Development parallels

"There are two things. We are trying to do the Northwest Passage but at the same time we are trying to see as much around the route as we can, in the way of the landscape and the people. Particularly with regard to the history," said Barry, with a rich, rhythmic Irish accent. His particular interest in the Inuit stems from Ireland's development over the last 150 years.

"We're interested in the development of the people. (Ireland) missed out on the Industrial Revolution, which developed Europe. As a result of that, we were backwards to a degree and poor to a greater degree. And over a period of about 150 years we have changed from being a rural society to a modern society.

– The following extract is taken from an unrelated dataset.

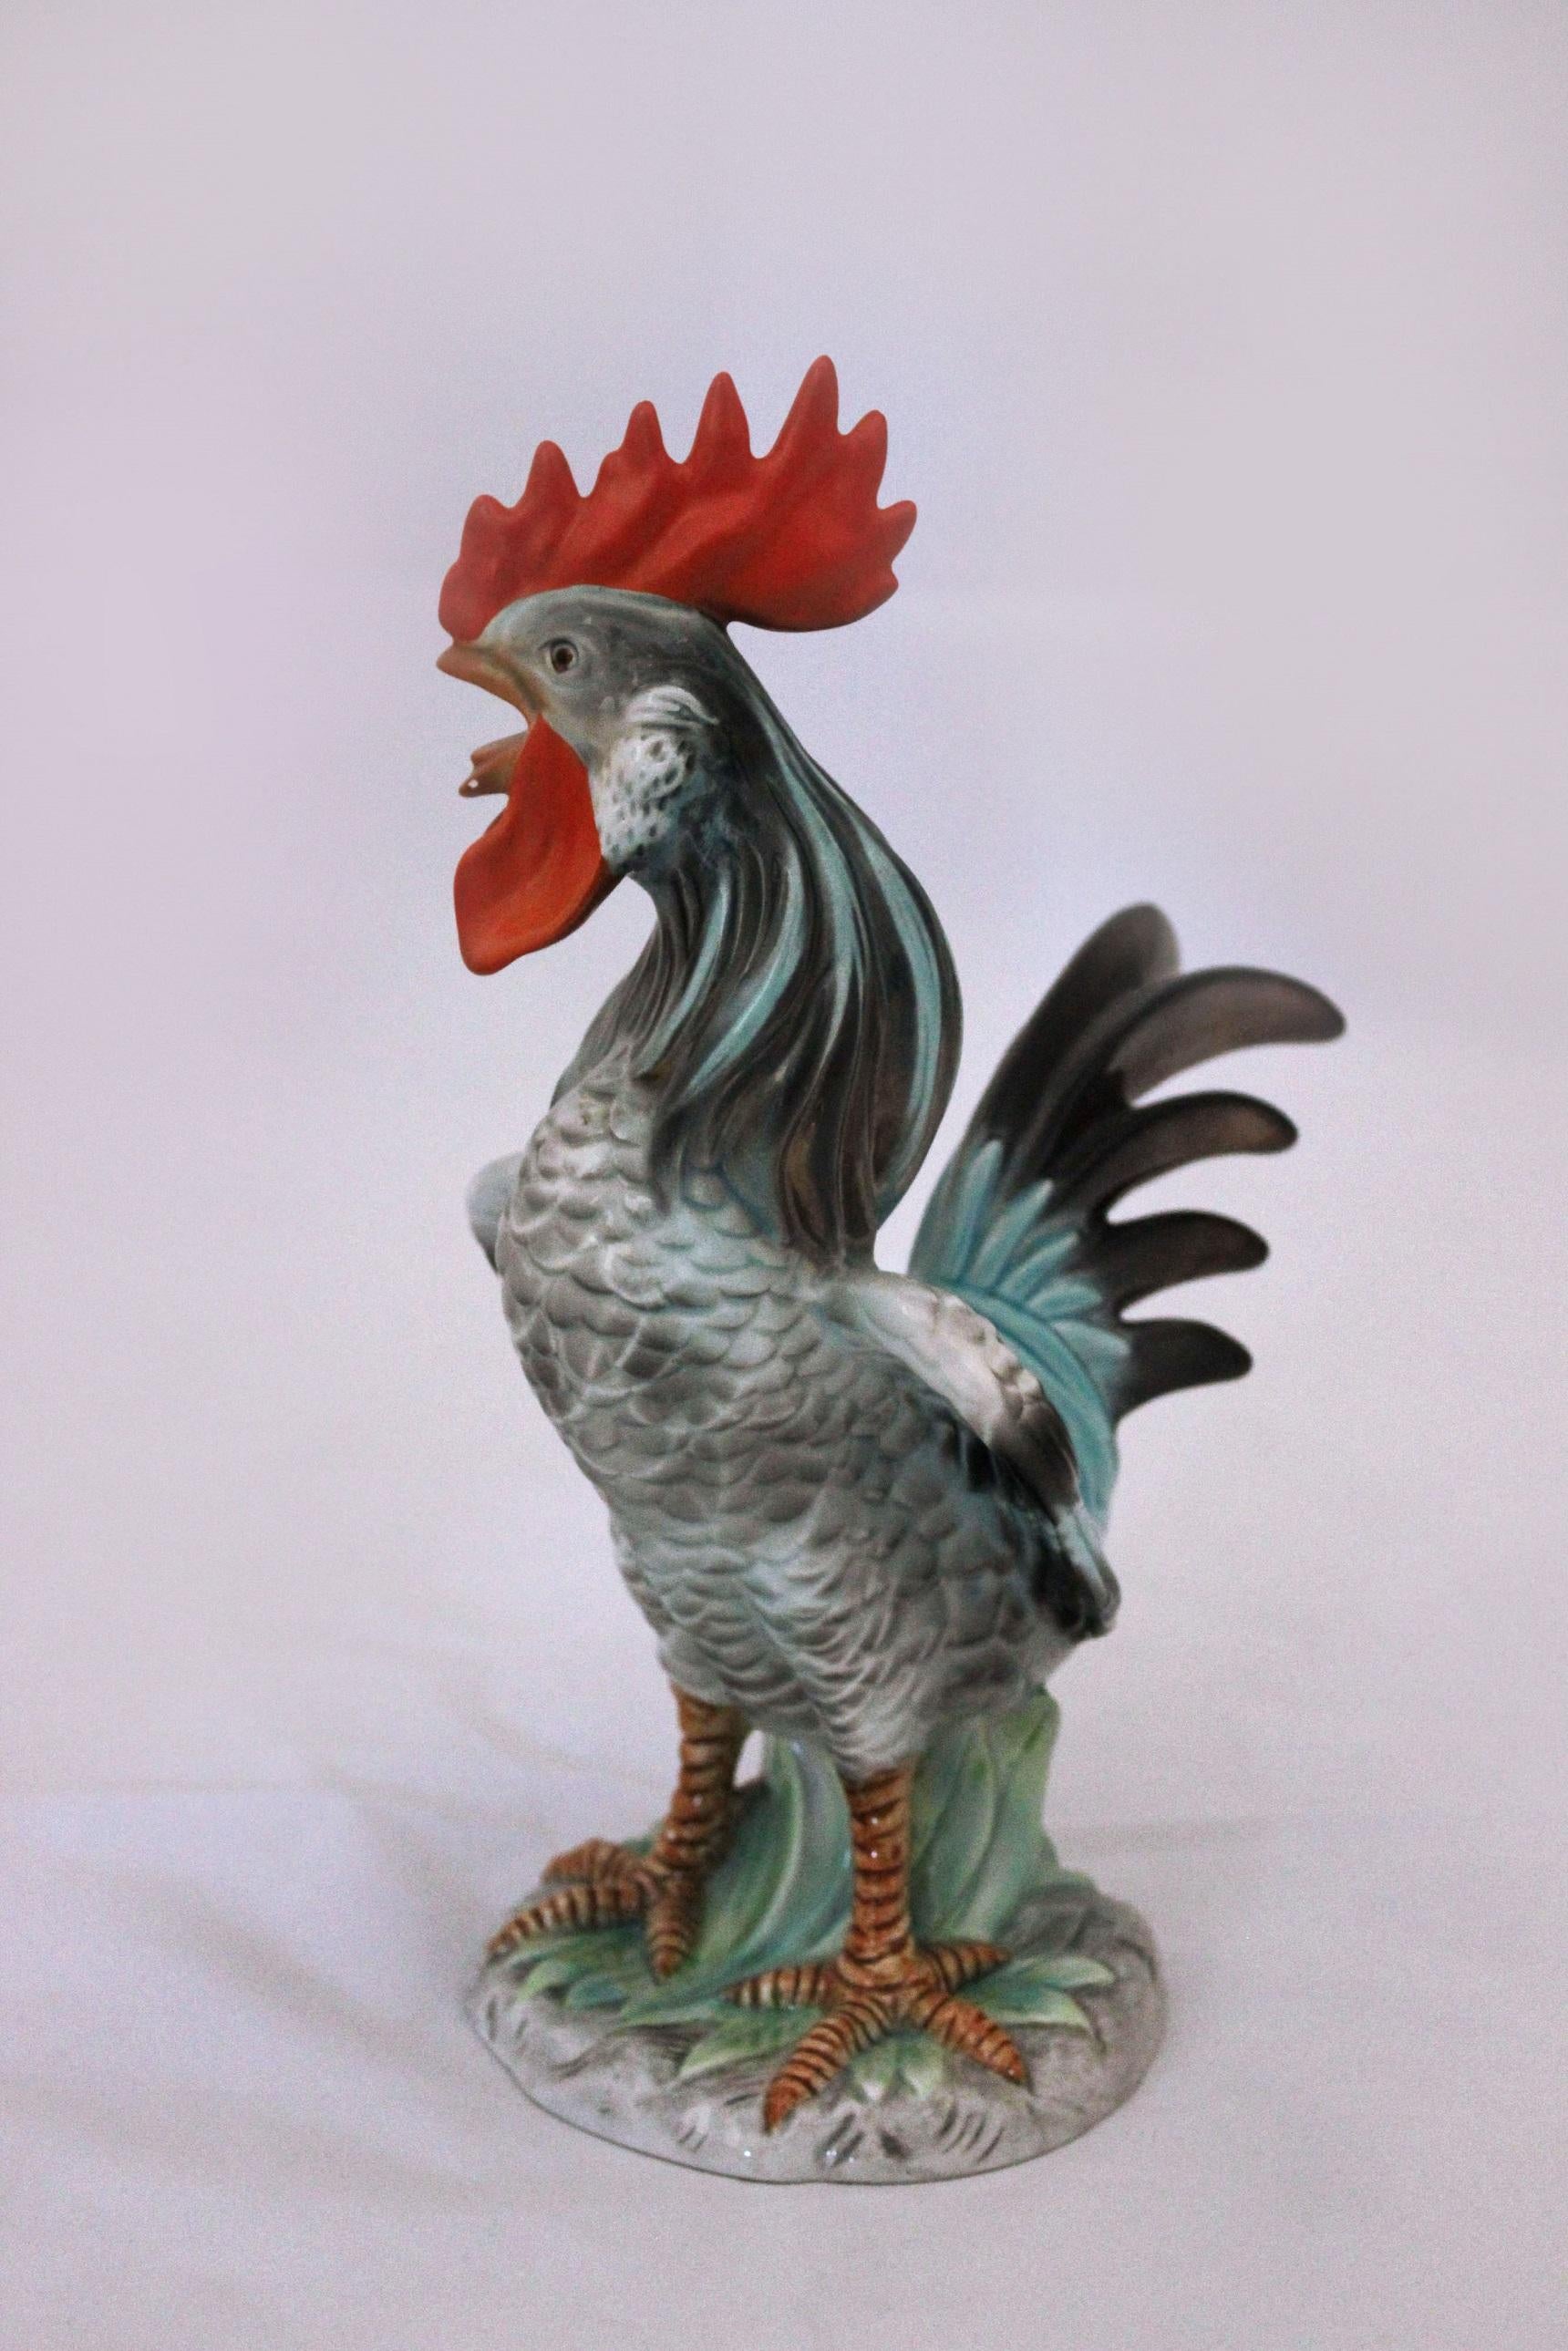 Ceramic rooster sculpture by Ronzan

"So we're looking here at Inuit society, which is making the same change in a much shorter duration, with the attendant problems of anything that's done in a hurry."

Last Tuesday, responding to an e-mail from News/North, Barry had this to say:

"We've managed to make fair good westward progress since we left Cambridge Bay. Met ice at Cape Parry, which held us for a while and shoved us inward.

We were in Tuk one day only, and then across Mackenzie Bay. A lovely sailing wind all the way into Herschel Island -- a most interesting place, as we knew. The following day we had a flag lowering ceremony, as we left Canadian waters. Only for three weeks as we are going for Vancouver. Yesterday was a day of 'ups and downs.' Getting inside the ice near Barter Island we went aground close to the shore in four feet of water, while trying to get inshore of ice. To get floating again we had to lay out an anchor and take it to or winch to pull, with the engine -- that got us off. We're now 10 miles east of Prudoe.